# Task item:
Do not include the pictures; repeat the rest of the data exactly.

# Data extract:
——
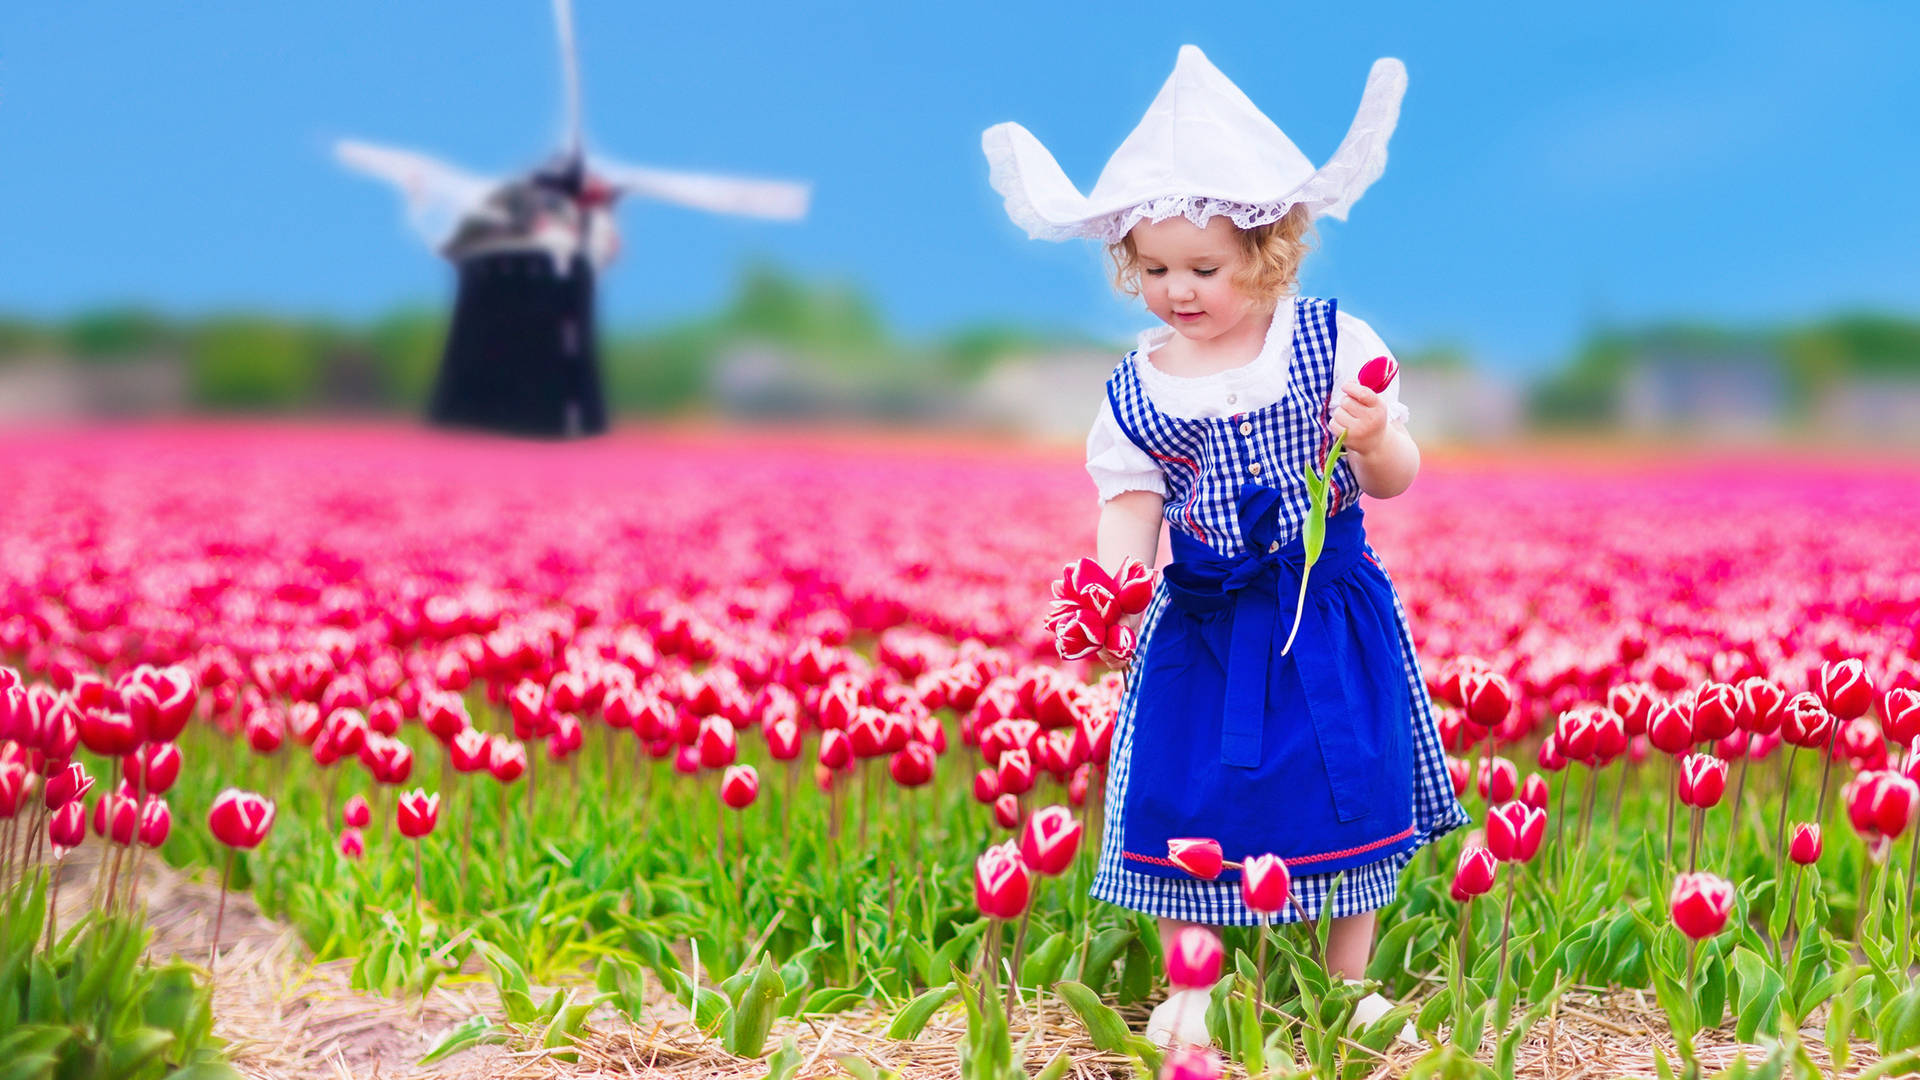 Child In Keukenhof Garden With Pink Tulips Background
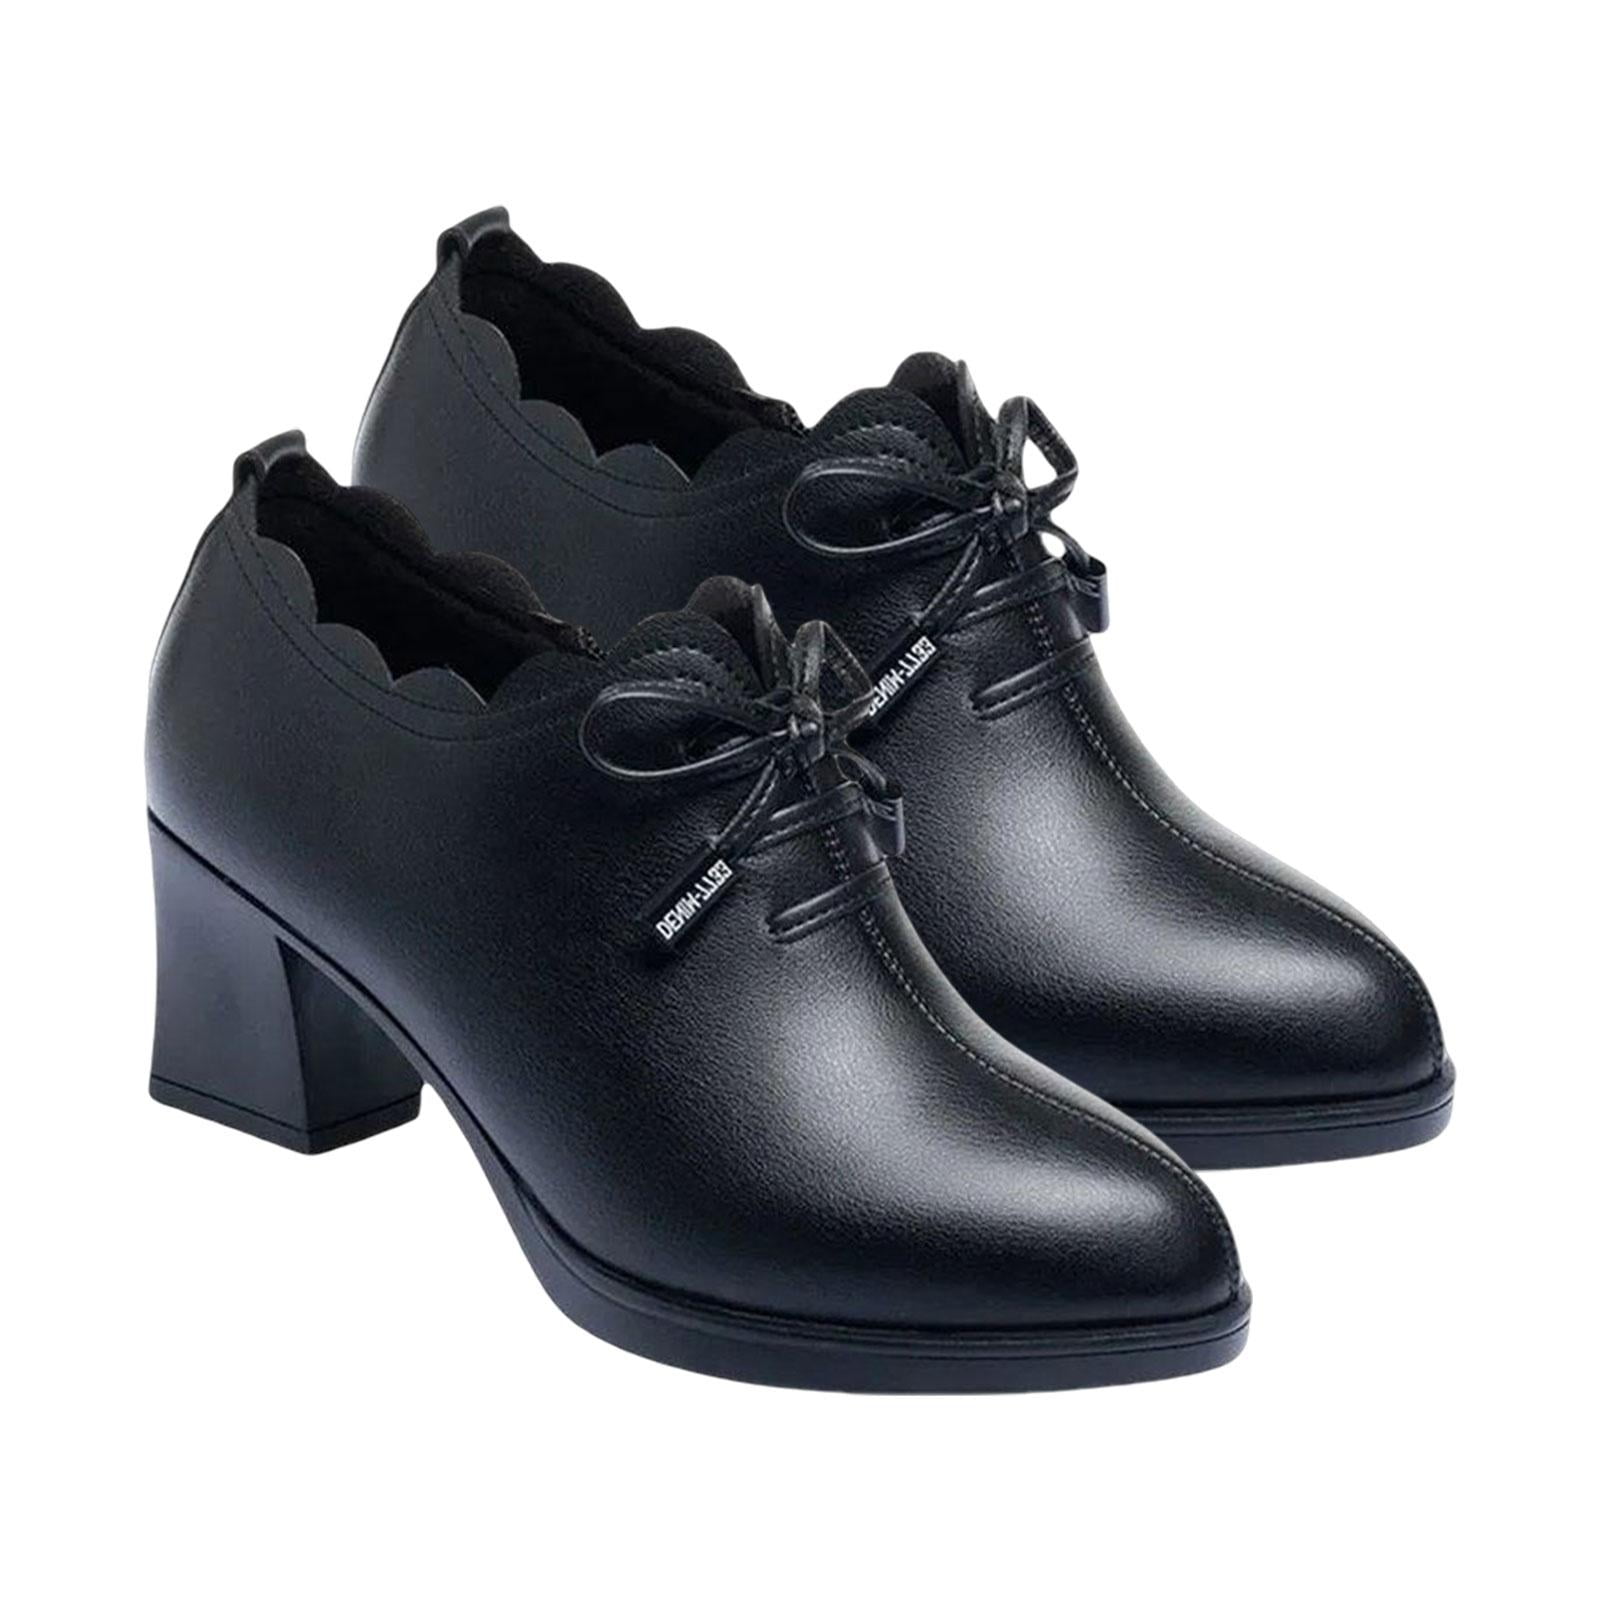 womens black dress shoes low heel
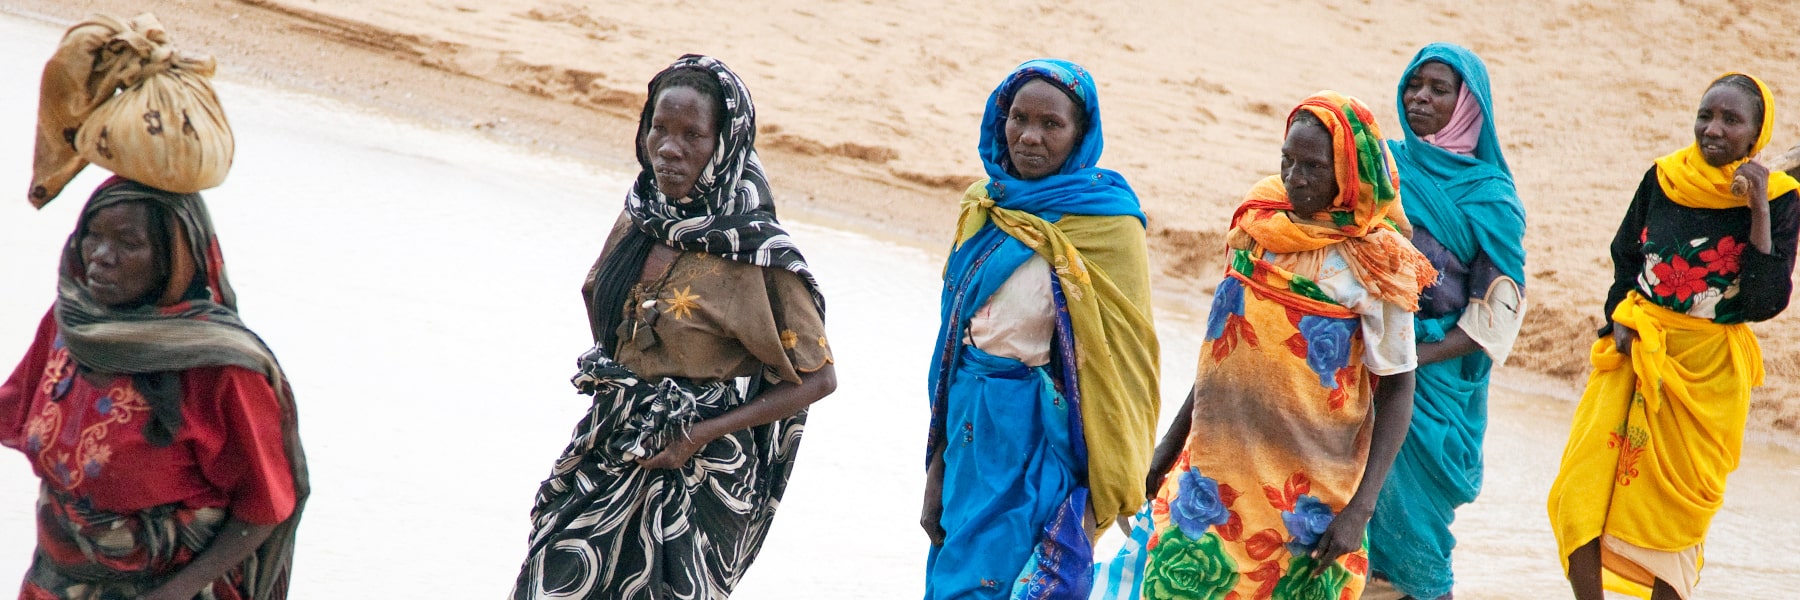 African women walking along desert like background carrying goods on their head
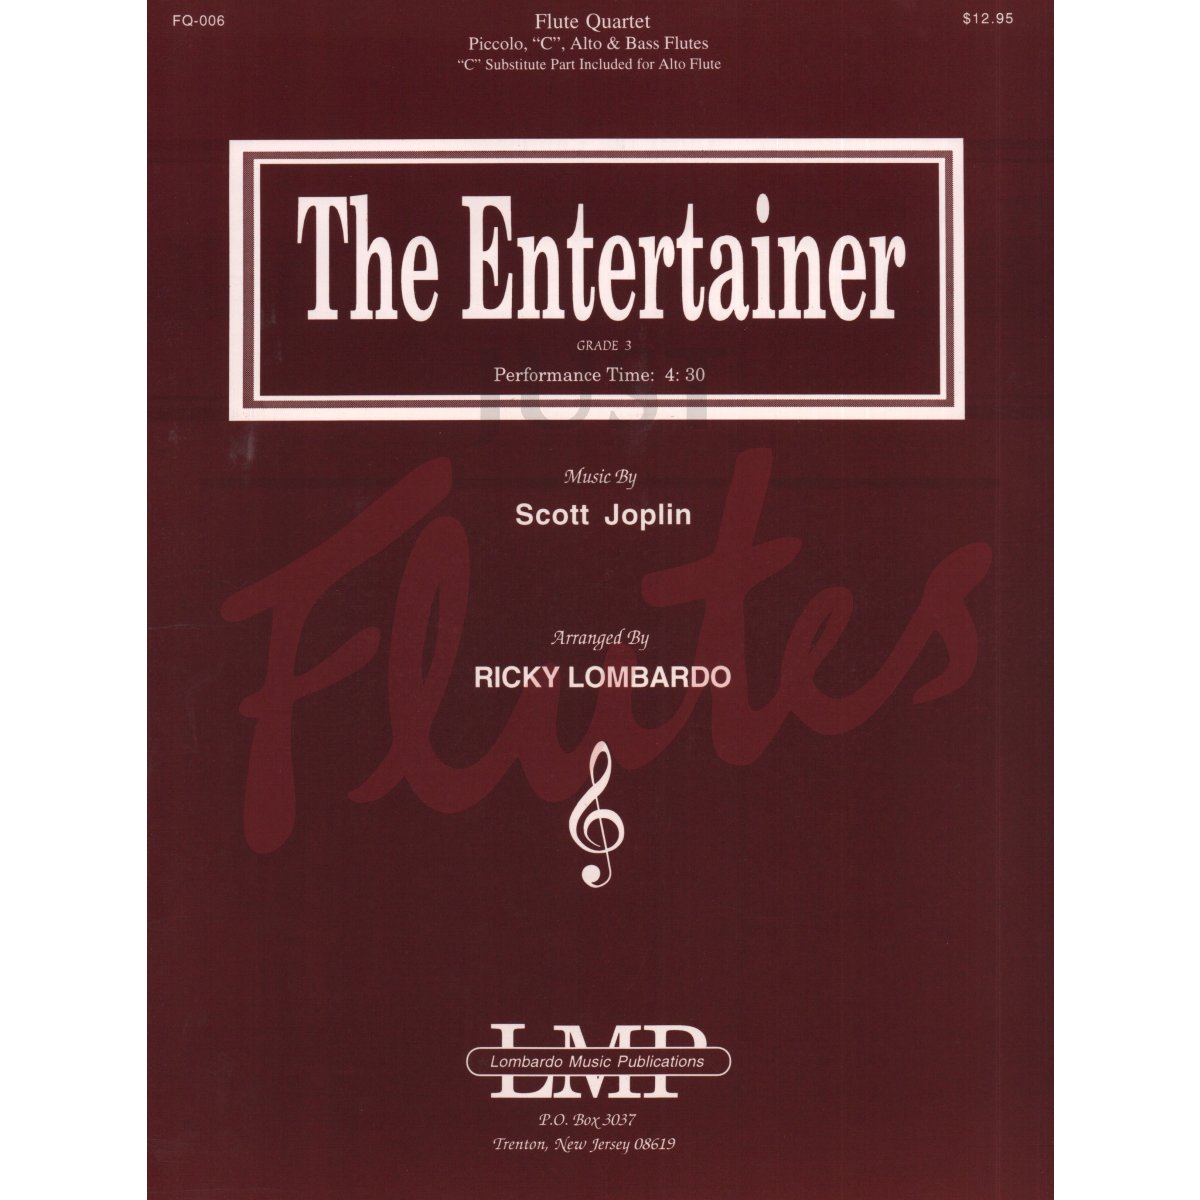 The Entertainer [Mixed Flute Quartet]
——
# The completed task:
 Child In Keukenhof Garden With Pink Tulips Background
 womens black dress shoes low heel
 African women walking along desert like background carrying goods on their head
 The Entertainer [Mixed Flute Quartet]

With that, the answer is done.